Other Directorships & Interlocks
| Company | Type | Role | Tenure | Interlock/Conflict Notes |
|---|---|---|---|---|
| None disclosed | — | — | — | No public company boards disclosed for Lawver; no interlocks identified. |
Board-level related party transactions disclosed include a consulting agreement for Catherine Sohn (Feb 6, 2025) and payments to Inizio Evoke Communications in 2024 where Sohn’s immediate family works; the Board concluded independence was not impaired. No related-party transactions involving Lawver are disclosed.
Expertise & Qualifications
- Skills matrix flags for Lawver: Prior C‑suite management, late-stage clinical development/regulatory approvals, commercial experience, and M&A/business development.
- Education: MBA (Duke Fuqua), BS (Georgetown).

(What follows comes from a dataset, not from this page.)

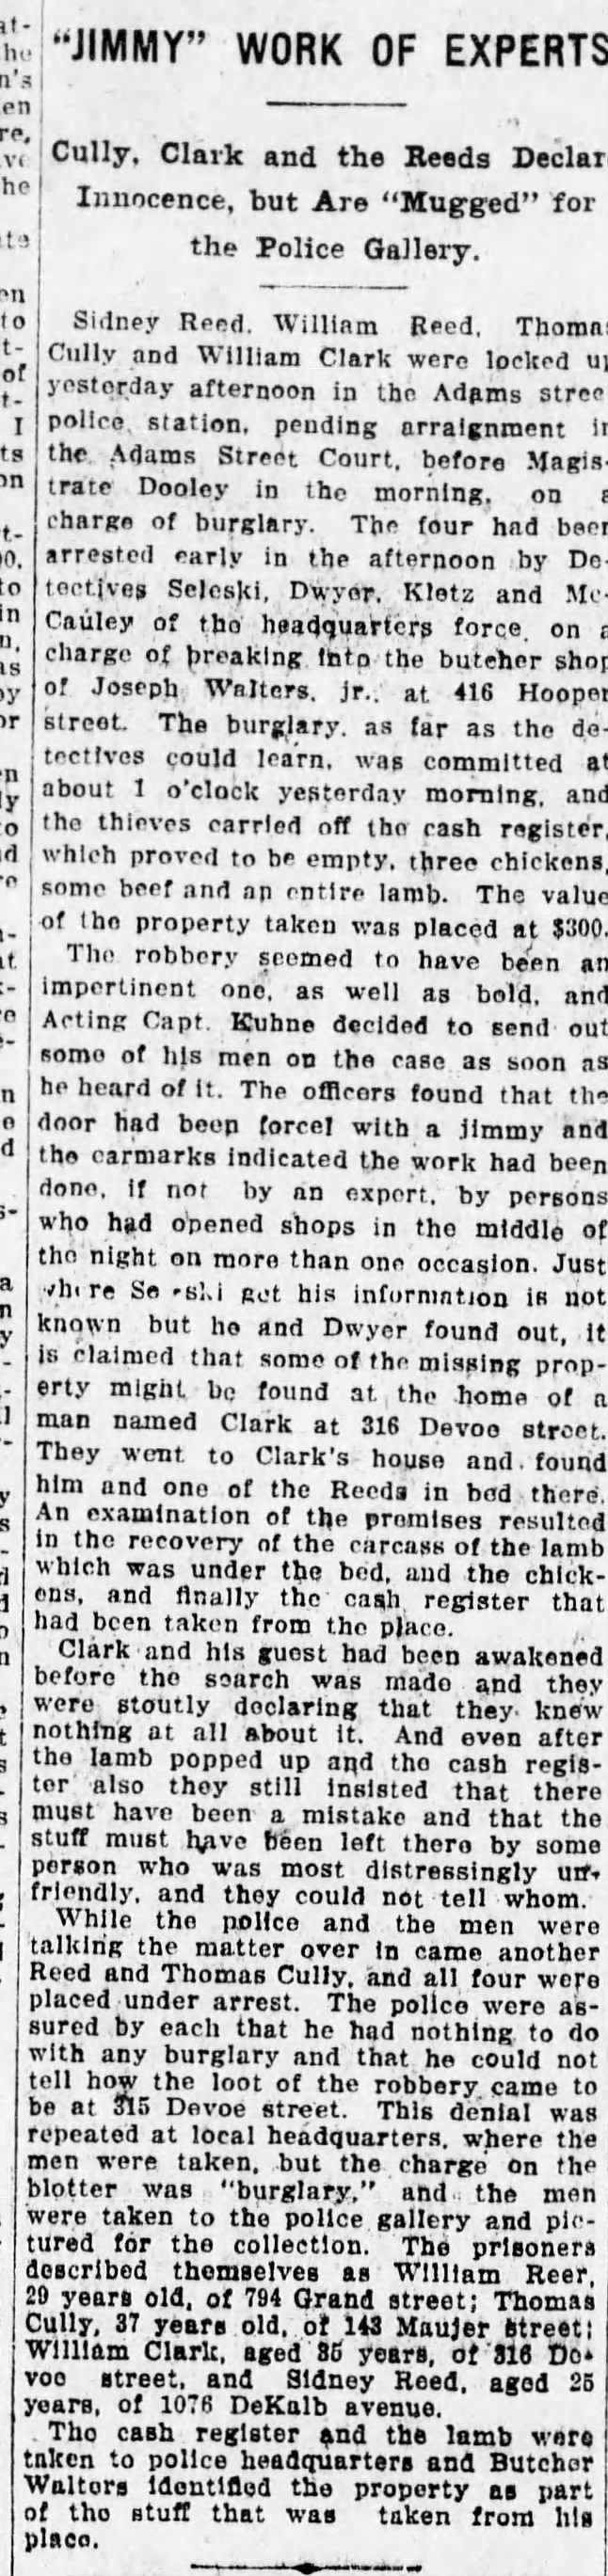 Tom Cully Sr arrested with others for Burglary. 12 Jan 1908.

- Domain expertise: Immunology; Cardiovascular & Metabolism; global commercial operations; corporate strategy.
Equity Ownership
| Holder | Shares Beneficially Owned | Form of Ownership | % of Shares Outstanding |
|---|---|---|---|
| Teri Lawver | 13,572 | Options exercisable within 60 days | <1% (*) |
- Anti-hedging/pledging: Insider Trading Policy prohibits short sales, hedging, and pledging by directors and officers.
Governance Assessment
- Independence and role: Lawver is an independent director, newly added to the Nominating & Corporate Governance Committee—consistent with governance refresh and oversight needs.
- Alignment/incentives: Director pay emphasizes options with multi-year vesting; Lawver’s beneficial ownership is currently modest (13,572 options exercisable within 60 days), but program design provides ongoing equity exposure. Change-in-control acceleration is standard but reduces retention risk in a sale; investors often monitor CIC terms for potential misalignment.
- Conflicts/related-party exposure: No related-party transactions disclosed for Lawver; Company policies restrict hedging/pledging and include a clawback policy for executive officers (indicator of governance discipline).
- Shareholder sentiment: Say‑on‑pay support in 2024 was 63.1%—a cautionary signal; Company engaged with ~12 large holders (~10% of outstanding) and received feedback to improve disclosure around above‑target bonuses. While this pertains to executives, it informs overall governance risk and investor confidence.
- Attendance/engagement: 2024 attendance thresholds were met by directors serving that year; Lawver’s attendance will be assessable in 2025 onward.
Red Flags to monitor
- Moderately low 2024 say‑on‑pay support (63.1%); assess whether compensation program changes or disclosures address investor feedback.
- Change‑in‑control full acceleration for director options—standard, but investors may prefer double‑trigger treatment; review future revisions.
Positive signals
- Independence verified; assignment to Nominating & Governance supports board refresh and governance oversight.
- Strong commercial, regulatory, and BD credentials aligned with Altimmune’s late-stage pipeline and commercialization planning.
- Prohibitions on hedging/pledging and existence of clawback policy (executive scope) reflect robust governance frameworks.